The anesthesia, position, and abdominal incision and exposure are determined by the colon operation being performed. When markings are made preoperatively, they should be scratched gently into the skin with an “X” prior to skin preparation. If this is not done, at the end of a long and difficult case, the inked markings will likely be gone. Upon completion of the colon anastomosis and prior to closure of the abdomen, the ostomy site is revisited. The cut edge of the abdominal wall, namely, the linea alba in the midline incision, is grasped with Kocher clamps and retracted to the central position it will occupy after closure. In patients with a thick abdominal wall, an additional clamp may be placed on the dermis to hold the abdominal wall in its usual alignment. A 3-cm circle of skin is excised and the dissection is carried down through the subcutaneous fat to the anterior fascia of the rectus muscle. A two finger–sized opening is made through the fascia. Some prefer a single slit, while others make a cruciate incision. The rectus muscle is spread or retracted medially. Care should be taken not to injure the epigastric vessels that run deeply in the center of this muscle. Another two finger–sized opening is made through the posterior sheath and peritoneum.
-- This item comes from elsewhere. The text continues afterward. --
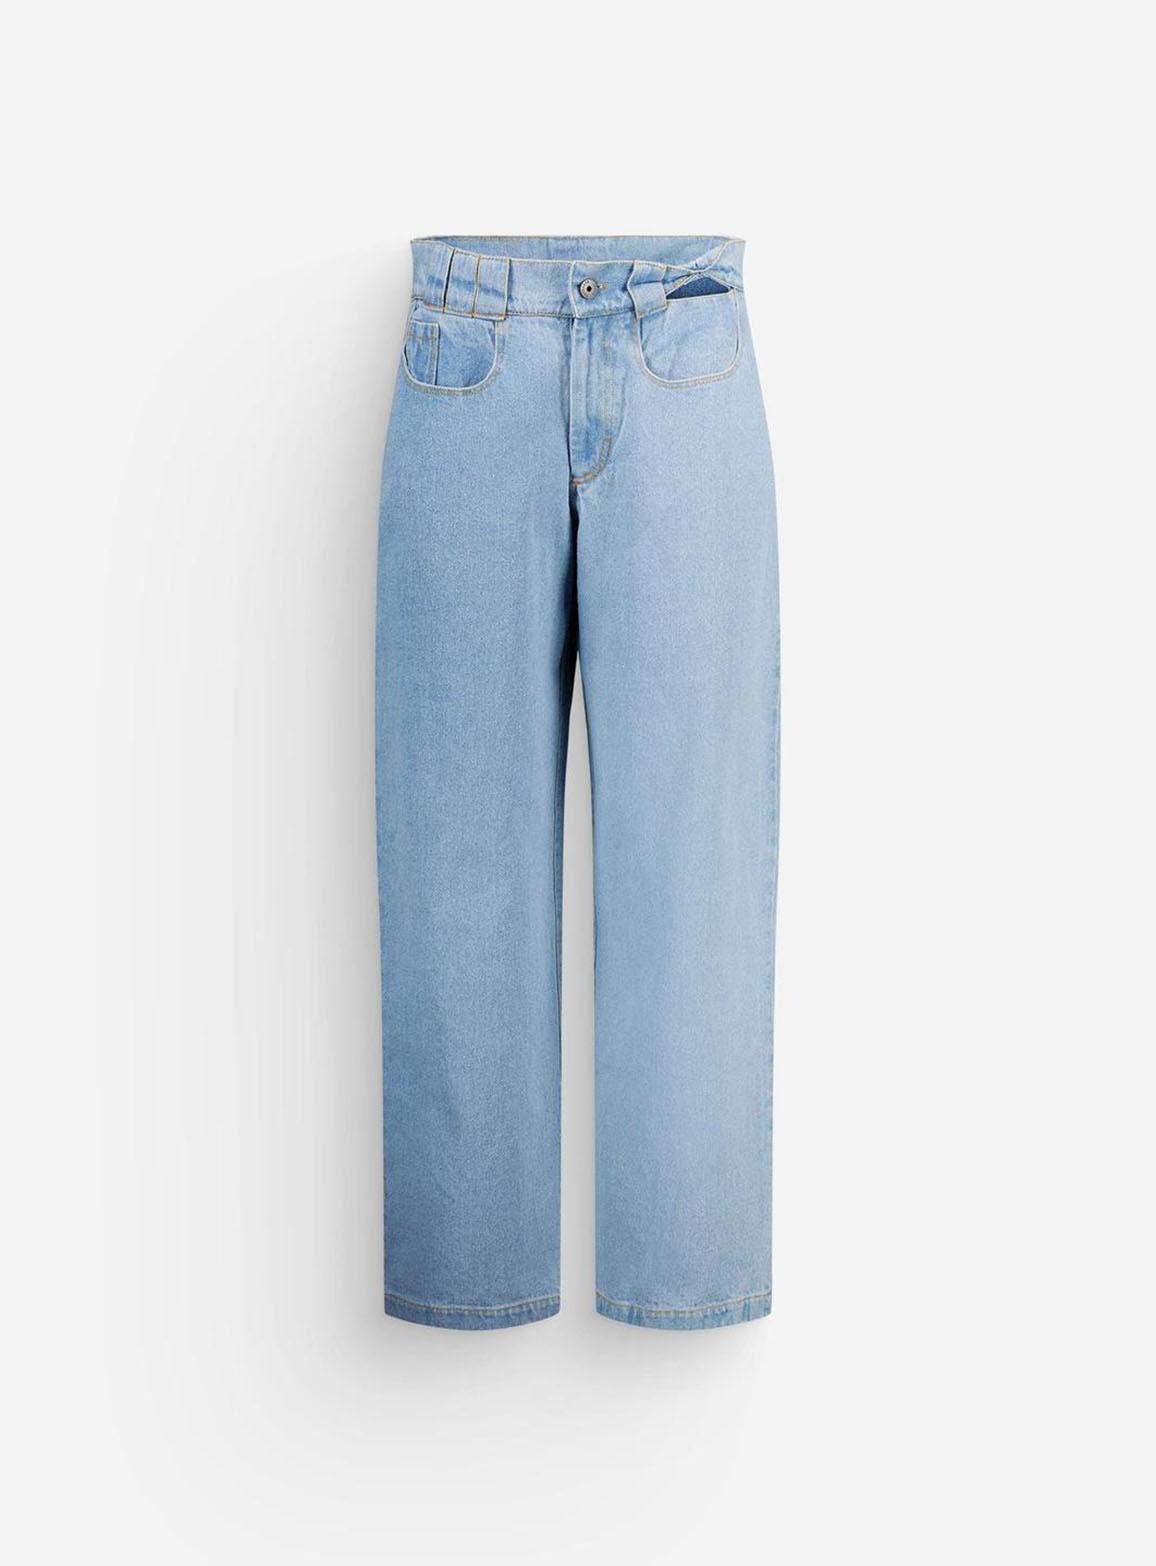 Blue torcido jeans

An appropriate segment of terminal ileum, usually about 1 ft or so proximal to the ileocecal valve, is selected. This section of small bowel must have sufficient mobility to reach through the abdominal wall without stretch or tension. It should also be proximal enough to allow side-to-side anastomosis at the time of ostomy closure. A blunt Kelly hemostat is used to create a mesenteric opening just beneath the wall of the ileum. A segment of umbilical tape or a soft rubber Penrose drain is drawn through the opening (Figure 2) and a seromuscular absorbable suture is placed to mark the proximal limb of the ileum. The opening in the abdominal wall is checked again for size relative to the thickness of the ileal loop and its mesentery. In general, a two finger–sized opening is adequate. The tape and the ileal loop are brought through the abdominal wall using gentle traction with a rocking motion (Figure 3). The loop is oriented in a vertical manner with the active proximal limb and its marking suture placed at the cephalad or 12 o'clock position. The loop ileostomy should protrude about 5 cm above the level of the skin. A plastic ostomy rod replaces the umbilical tape or Penrose drain to prevent retraction following closure of the abdomen. The caudal or inactive side of the loop is opened transversely for two-thirds of its diameter in a position about halfway up from the skin level to that where the tape or Penrose drain penetrates the mesentery. Submucosal bleeding sites are secured with fine 0000 silk ligatures or cautery. The distal inactive stoma is matured first by placing fine 0000 absorbable sutures that traverse the entire thickness of the ileal bowel wall (Figure 4). This suture is completed as a transverse subcuticular bite beneath the skin edge. Three or four sutures are required for full eversion of the stoma (Figure 4A). The marking suture is cut or removed, and the proximal active stoma is everted. This maneuver is assisted by using the rounded, blunt end of the scalpel handle. The handle tip applies countertraction as the free mucosal edge is brought down to the skin with forceps or a similar grasping instrument (Figure 5). The cephalad bowel wall is then secured about its perimeter to the subcutaneous skin with interrupted fine absorbable sutures. Rods with “T” ends need not be secured. Others should be secured by placing a non-absorbable monofilament suture at each end of the rod (Figure 6).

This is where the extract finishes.